志島さんの携帯が鳴り響いて、自然と会話がそこで終わる。
「もしもし。はい―――――」
電話の相手と話し込んでいる。今まで見せた事のないような表情で電話に集中している様子だった。
私は定時までの残り少ない時間で仕事を片付けなくちゃいけなくて、事務を黙々とこなした。 いつもなら電話で話しこむ事のない志島さんも、気付けば事務所を後にして応接室に移動して携帯で話し込んでいた。

定時になって慌ててタイムカードを切る。
パートの3人も仕事が少し遅くなって同じ時間になった。
「あらー優ちゃんと帰る時間が一緒になるなんて嬉しいわね」
「あらら、何か今日はいつもよりお洒落な服装ね」
更衣室でジーンズからワンピースに着替えた私を帰山さんと林さんはからかう。
「いや、仕事はいつもジーンズだけど普段はこんな感じで」
そんな空しい言い訳もオバさん2人のパワーを前にかき消された。
「彼ってどんな人?」
「えっと…普通の人です」
加賀田さんからのいきなりの質問に、心臓がバクリと大きな音を立てる。
着替えていた手を止め、視線をゆっくりと加賀田さんに向けた。 真っ直ぐに私を捕らえる視線は、表情が感じ取れない気がして背筋が寒くなるようだった。
「彼に会えるの嬉しい?」
「もちろん。大好きですから。じゃあ、お先に失礼します」
自信を持って答えた。そんな私を、加賀田さんはどんな目で見ていたのだろう。 慌てて更衣室を飛び出して会社を後にした。

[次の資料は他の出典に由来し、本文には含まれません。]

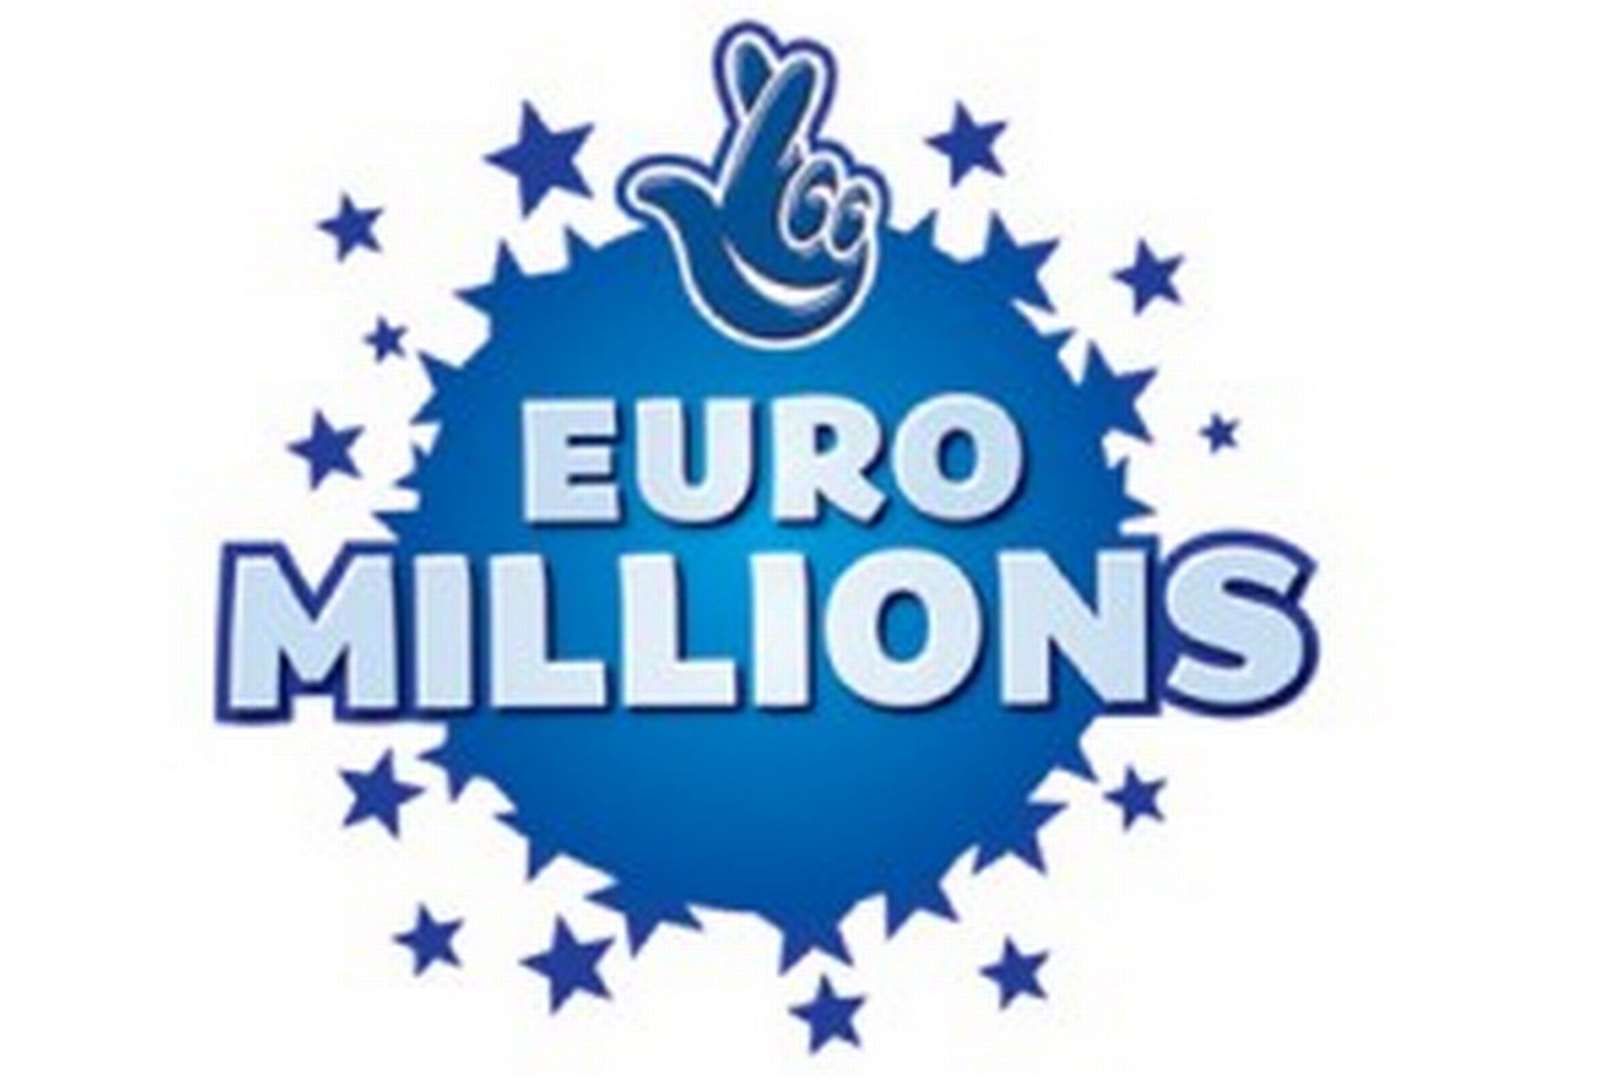 Friday's Euromillions draw will take place at 8.45pm

孝明はマンションに居るだろう。連絡を入れようとバックの中の携帯を取り出そうとした時、後ろから肩を叩かれた。
「探し物?」
「え、なんで?」
久々の再会は可愛げのない一言と、呆気に取られた間抜け顔でのご対面。
「ビックリした?驚かせようと思って会社まで来ちゃった」
「ビックリだよ…メールくらいくれれば良いのに」
むくれた私を見て微笑む顔にとてつもない安心感と、照れて仕方がない気持ちが入り混じる。
「会いたかった。一秒でも早く優に会いたかったんだ」
涙が出そうになるくらい、胸の中を熱くする感情。孝明の手が私の手を掴んだ時、林さん・帰山さん・加賀田さんが会社から出て来て鉢合わせた。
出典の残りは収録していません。